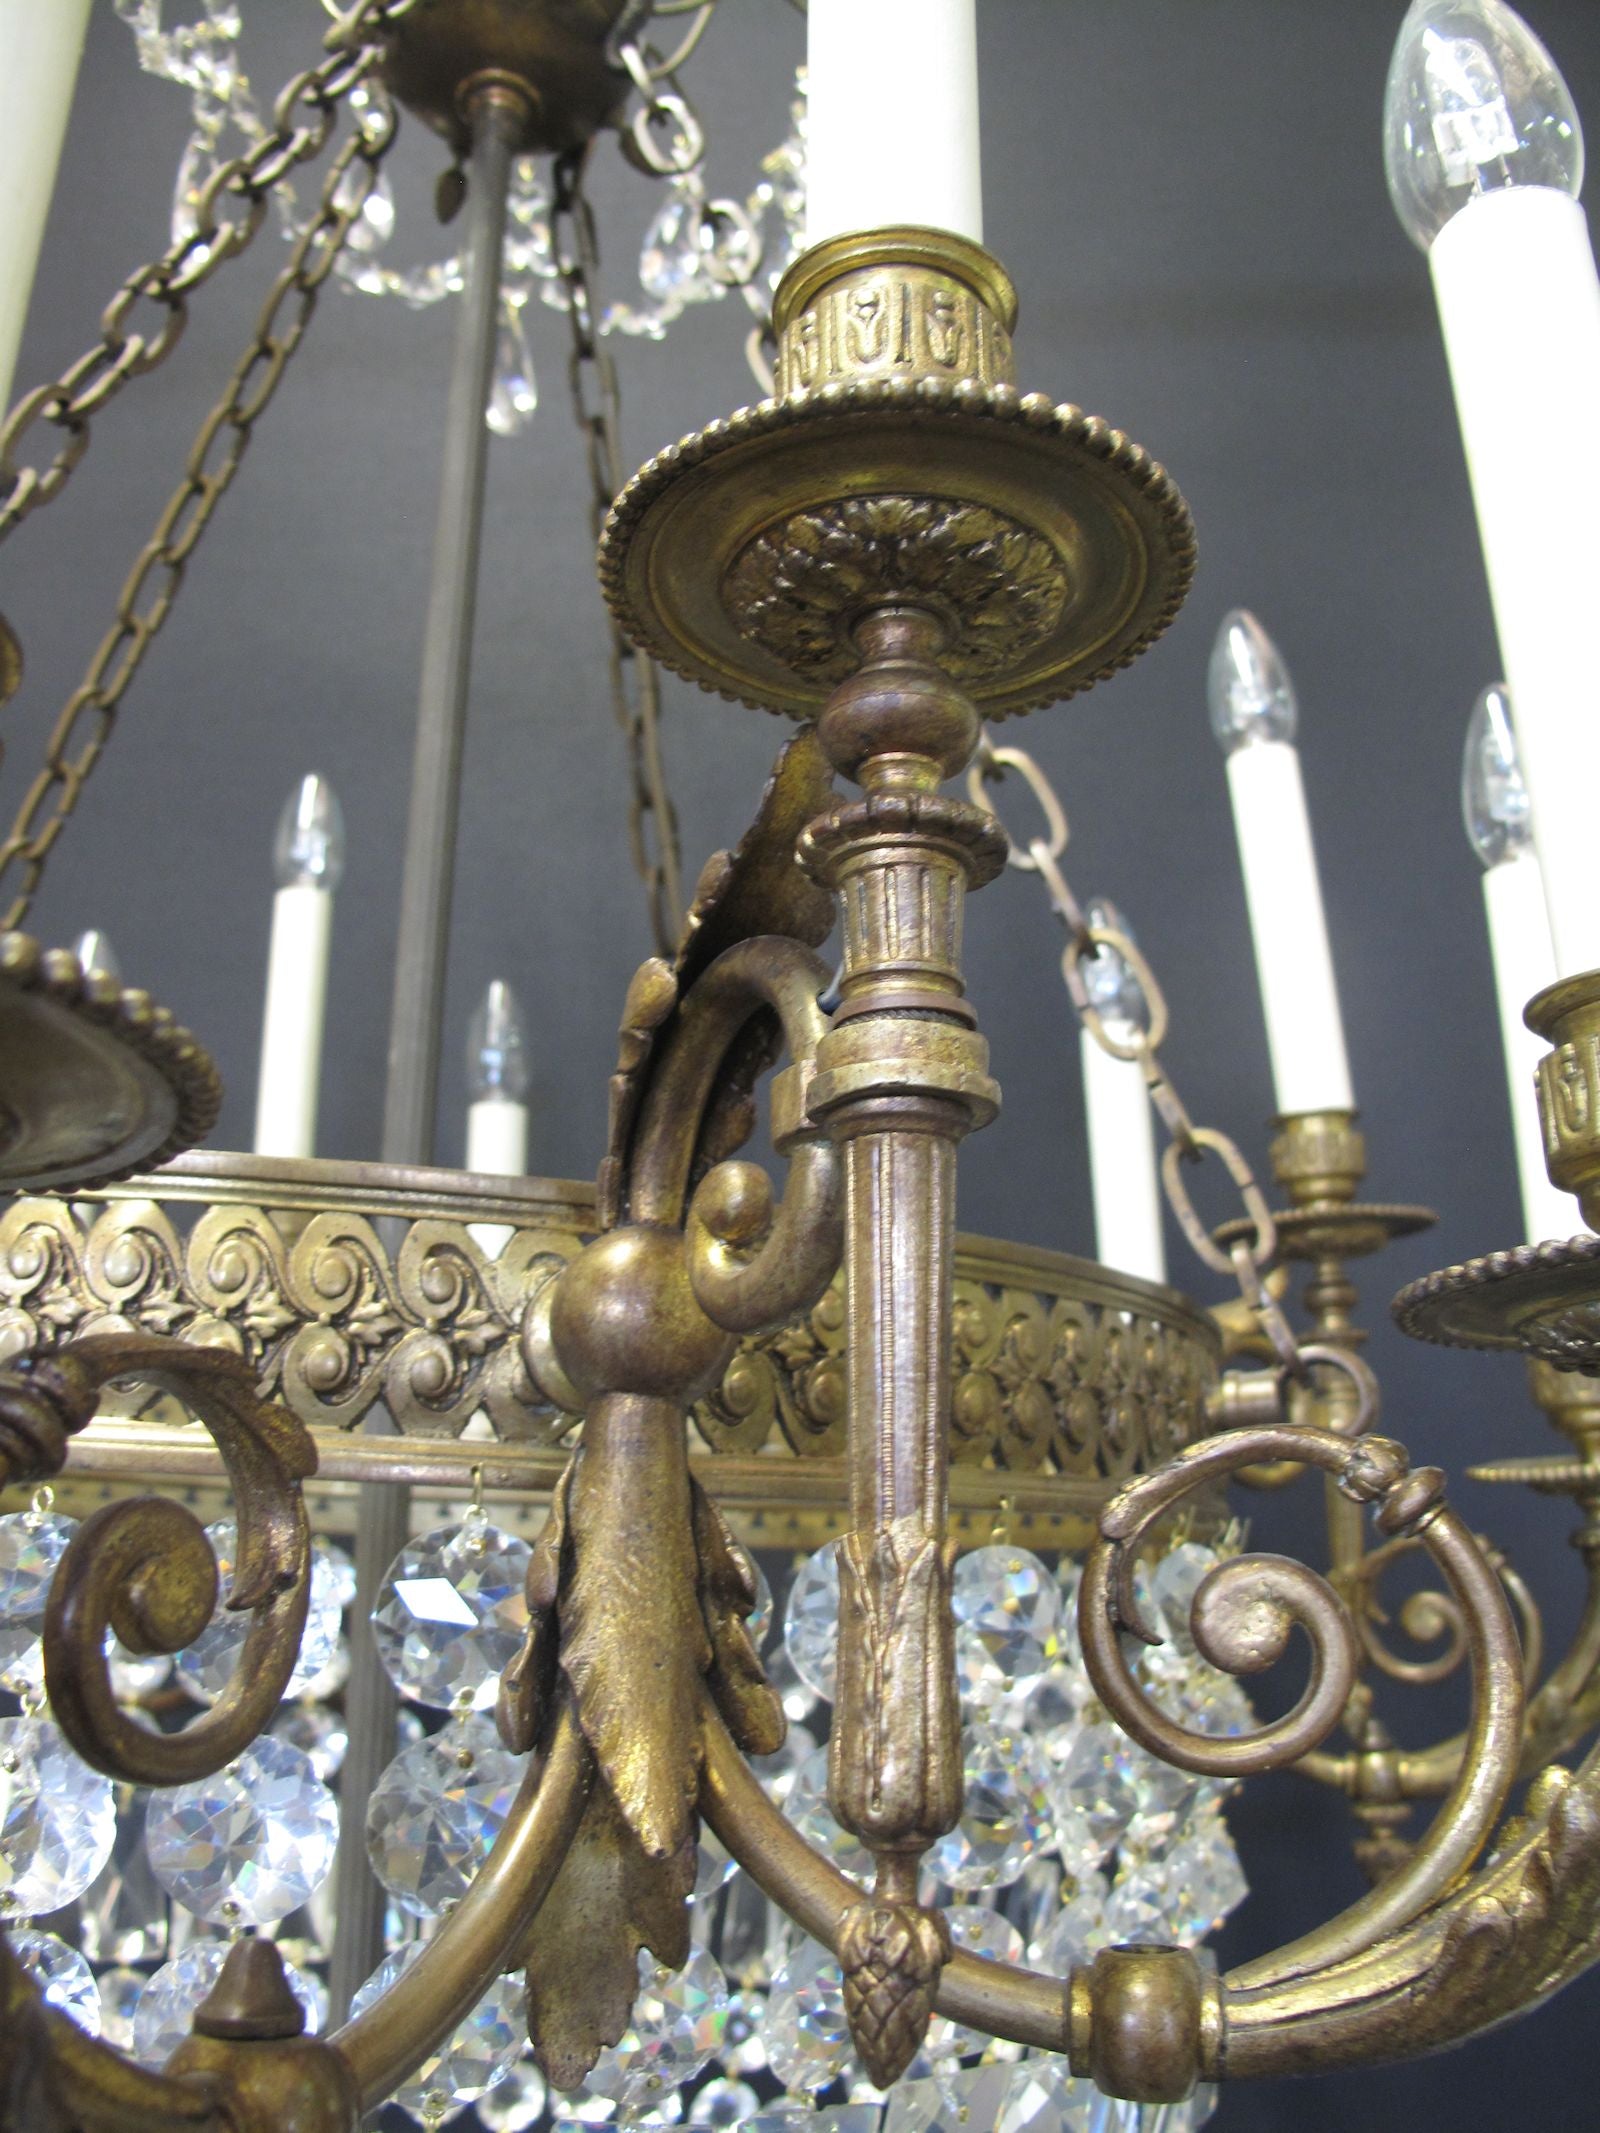 12 light ormolu and glass chandelier, showing arm casting
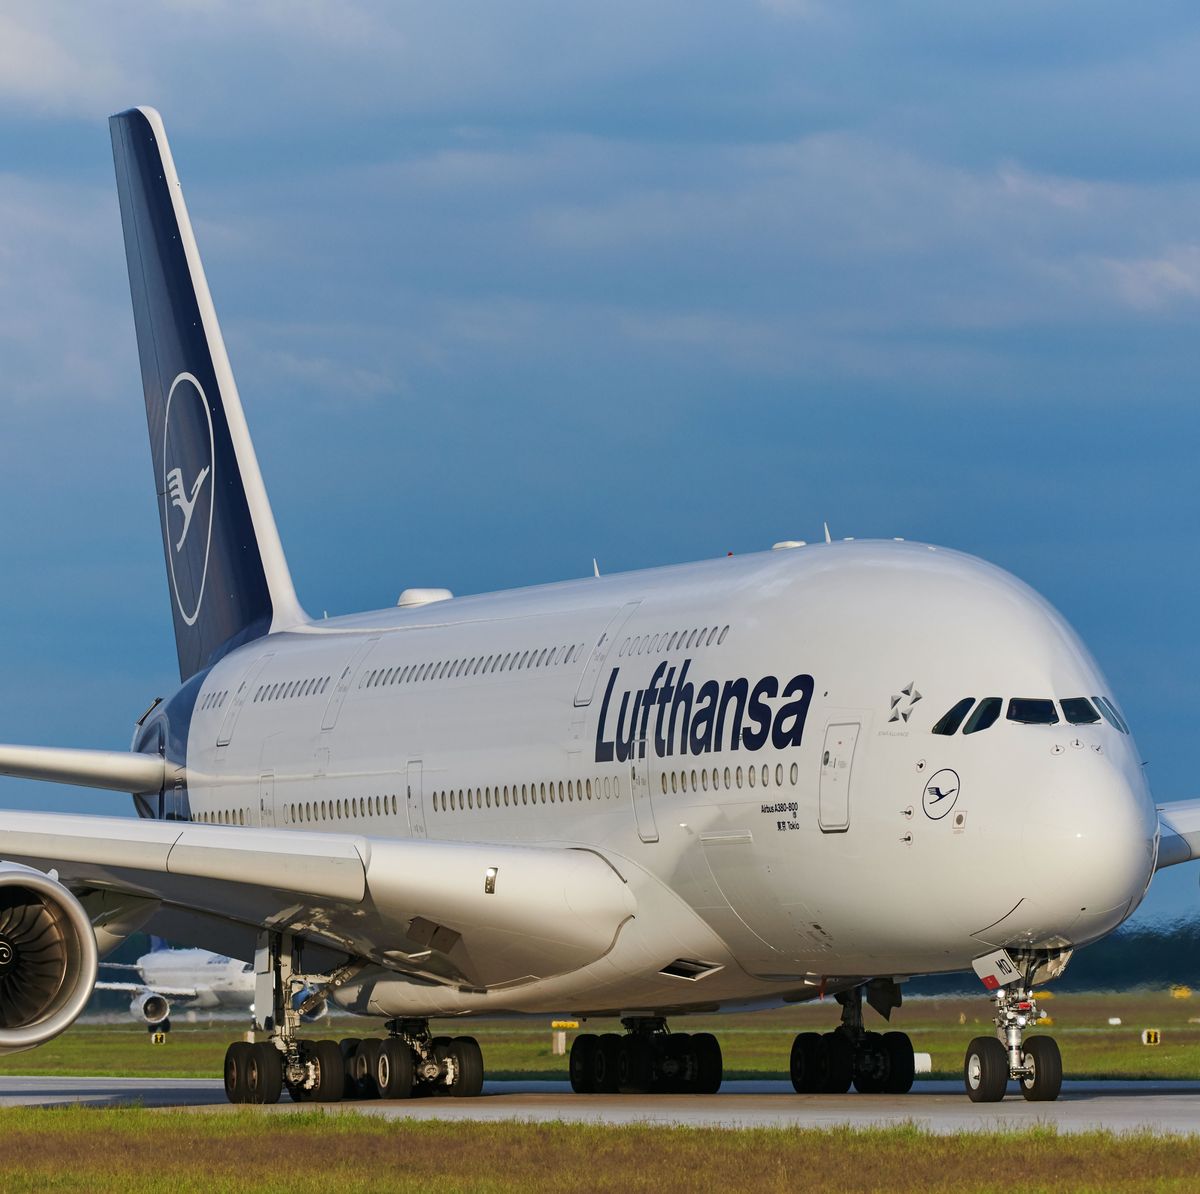 Is the A380 the biggest plane in the world?
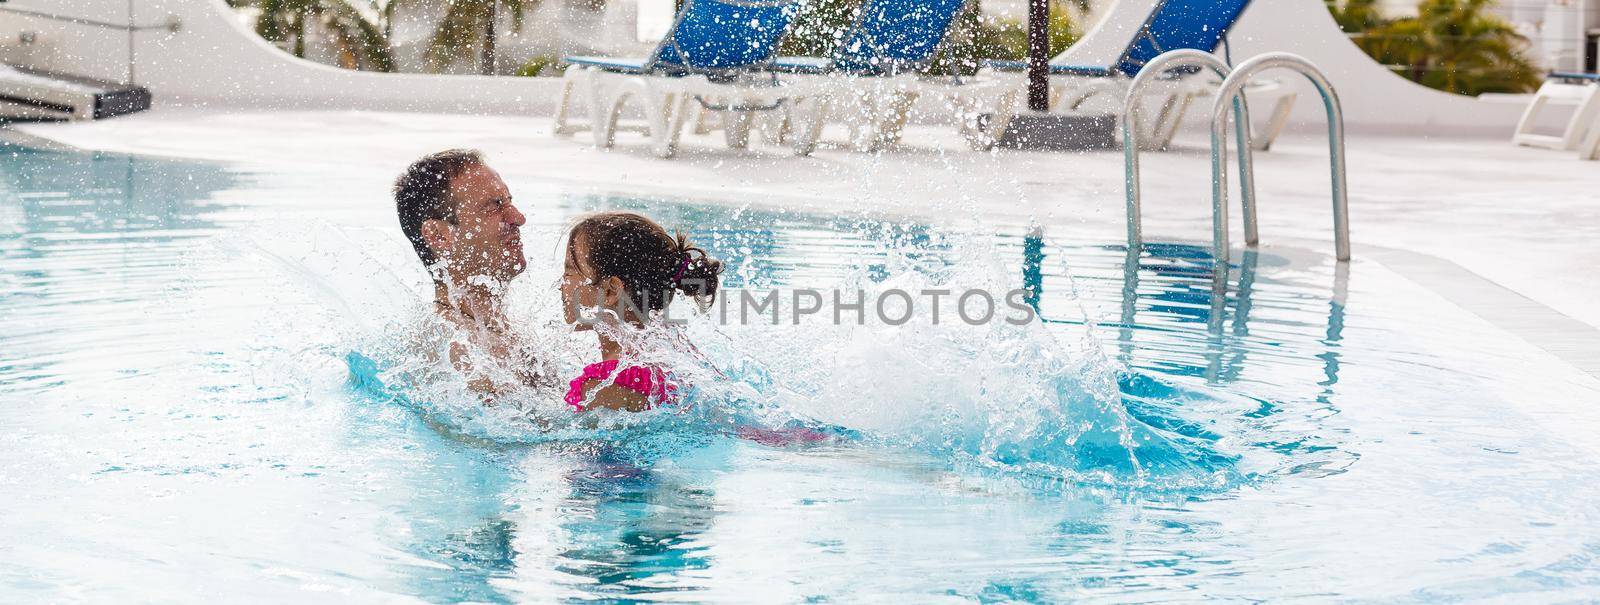 Father playing with his daughter in swimming pool by Andelov13
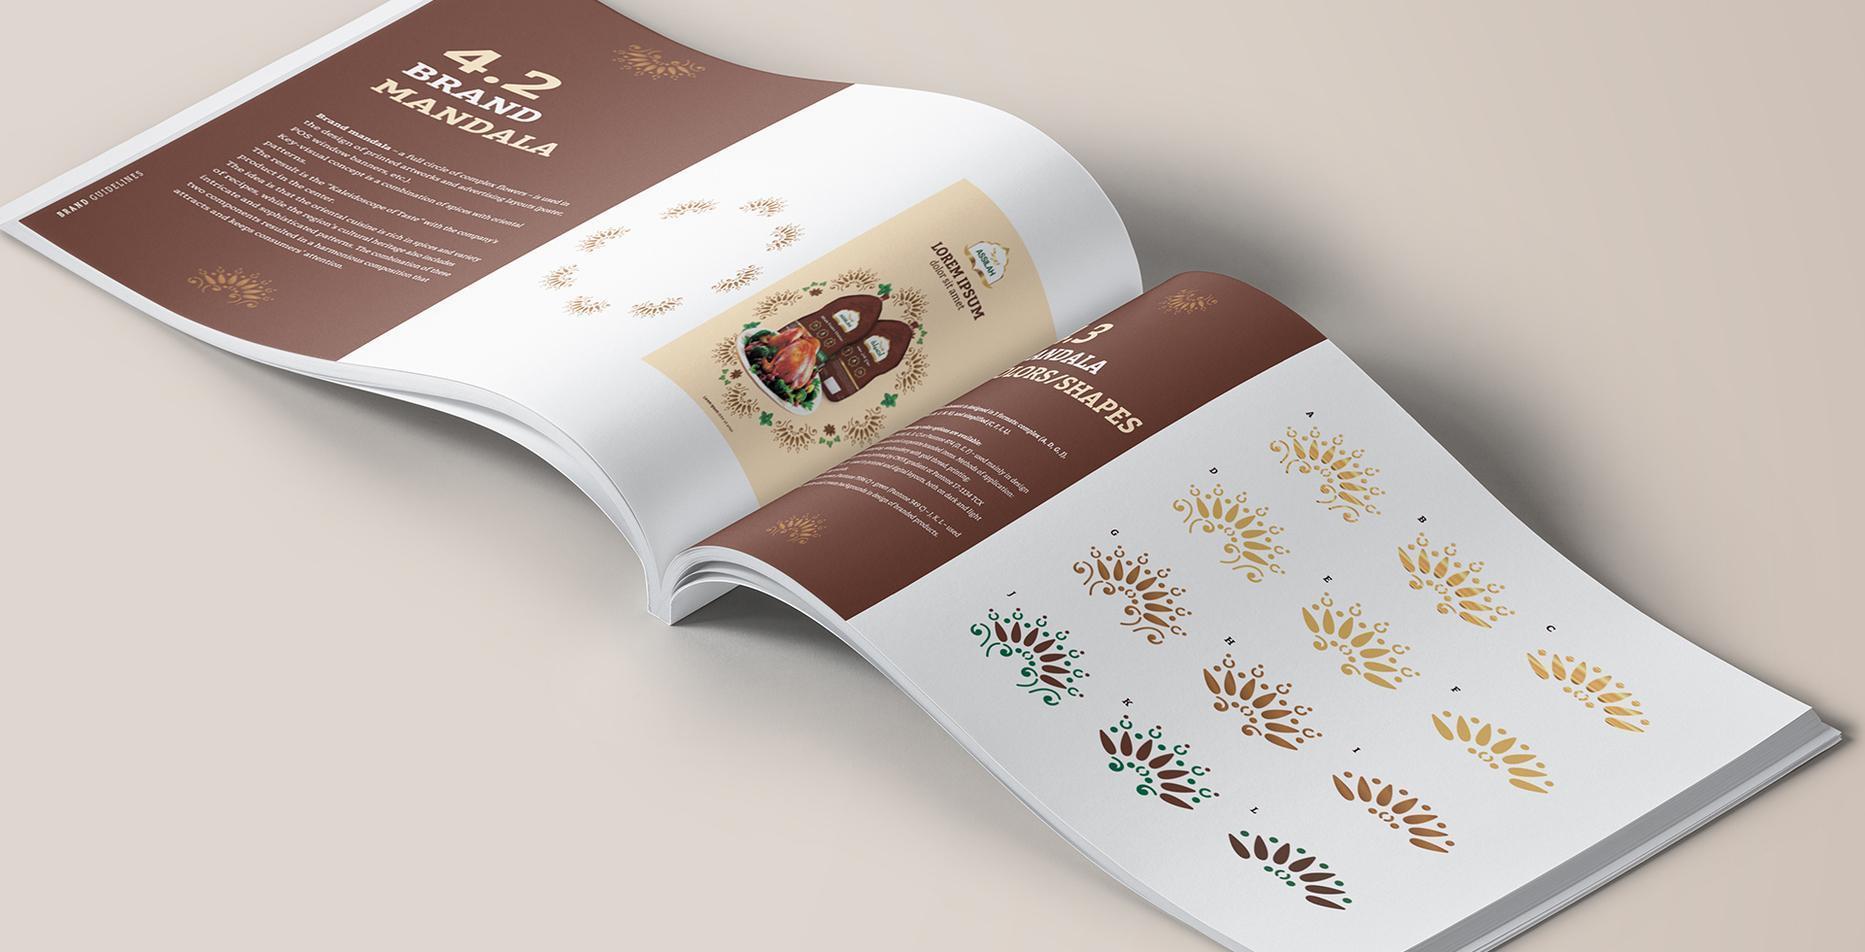 Project: Launching the MHP brand on the Arab market. Identity, brand book — Rubarb - Image - 2
══════════════════════════════
Every line above is to be repeated exactly, but no picture is to appear in the copy.

 12 light ormolu and glass chandelier, showing arm casting
 Is the A380 the biggest plane in the world?
 Father playing with his daughter in swimming pool by Andelov13
 Project: Launching the MHP brand on the Arab market. Identity, brand book — Rubarb - Image - 2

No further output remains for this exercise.